Charles City College Hall, also known as Old Main, North Hall and Conservatory Hall, is a historic building located on the campus of Morningside College in Sioux City, Iowa, United States. Business leaders in the community established the University of the Northwest in 1889 to provide educational, cultural and economic growth in the city. Completed in 1890, this is the first building constructed for the college and it housed all of the school's functions. The exterior of the Richardsonian Romanesque structure is composed of quartzite. Local architect Charles P. Brown designed the building and John M. Poorbaugh was the contractor. By 1894 the university became a victim of the Panic of 1893, and the property was taken over by the Methodist Episcopal Church who incorporated Morningside College the same year.

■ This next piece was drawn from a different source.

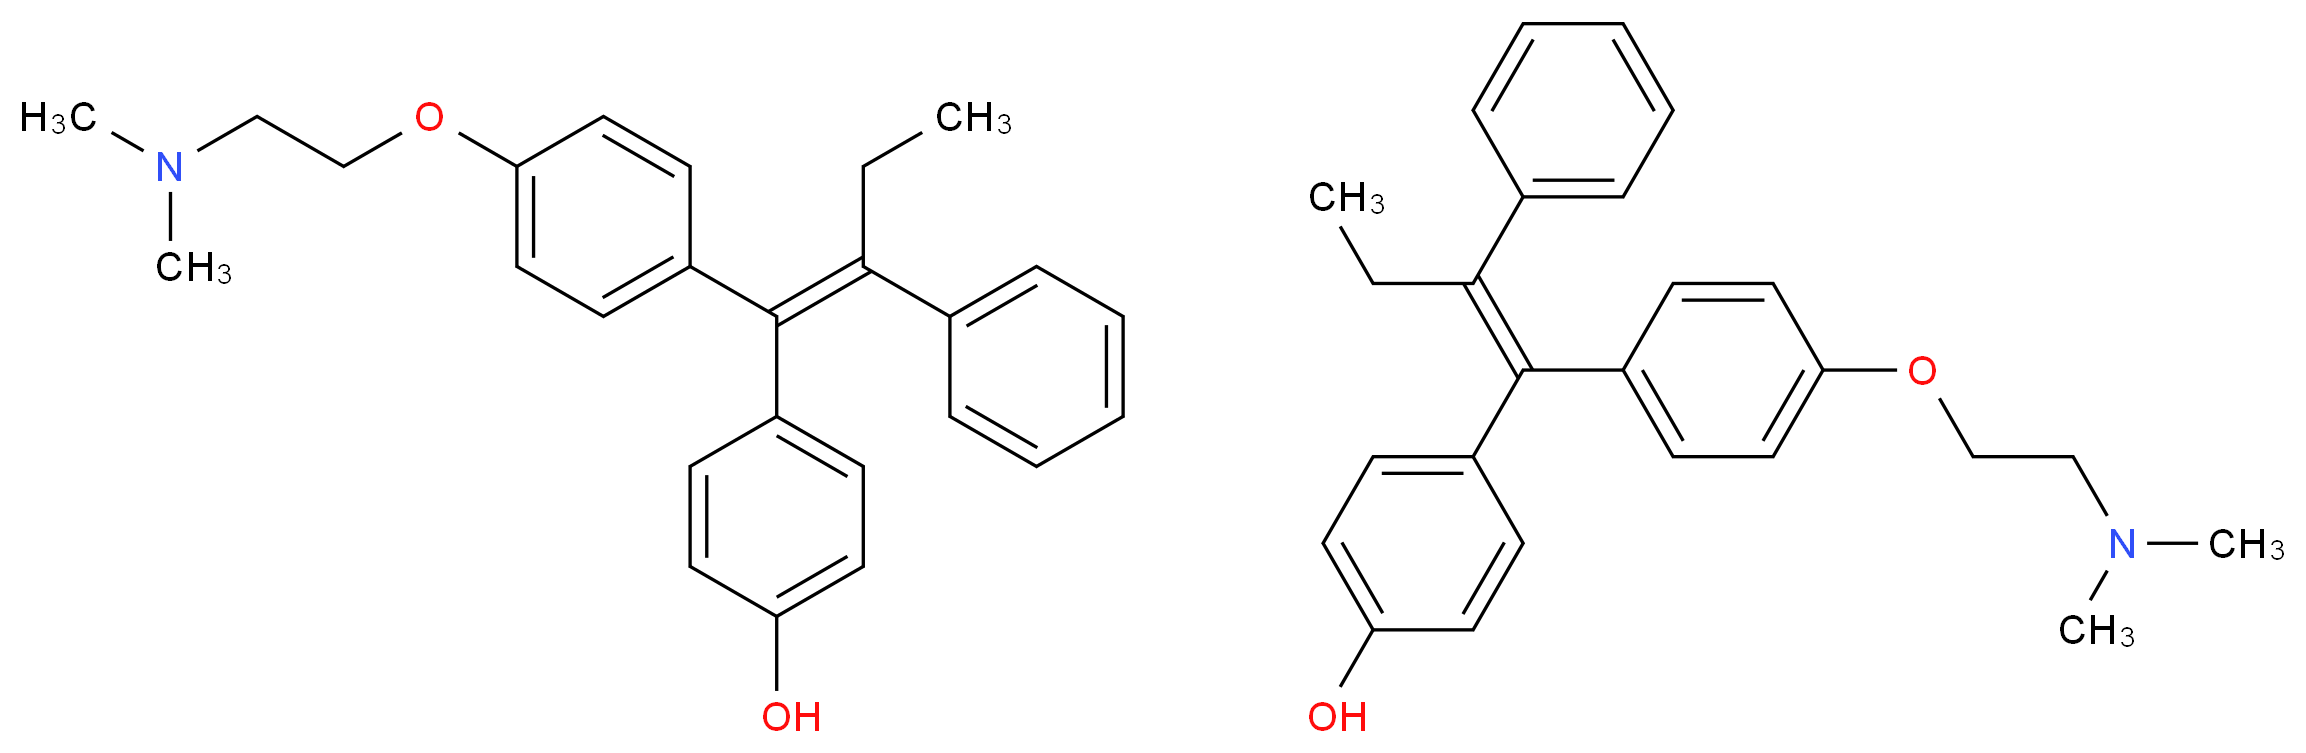 4-Hydroxytamoxifen_Molecular_structure_CAS_68392-35-8)

Another building was built on campus in 1890 and this building became the music conservatory, which enhanced the cultural life of the community through its educational offerings and the concerts that were held here. The building was gutted in a fire in 1914, and it was rebuilt but without its original cross-gable roof and tower. The windowless roof dormers were added at that time as well. The architectural firm of Beuttler & Arnold planned the rebuilding and Coomer & Small was the contractor. It received its current name after Morningside College merged with Charles City College of the German Methodist Episcopal Church. It was individually listed on the National Register of Historic Places in 1983, and as a contributing property in the Morningside College Historic District in 1997.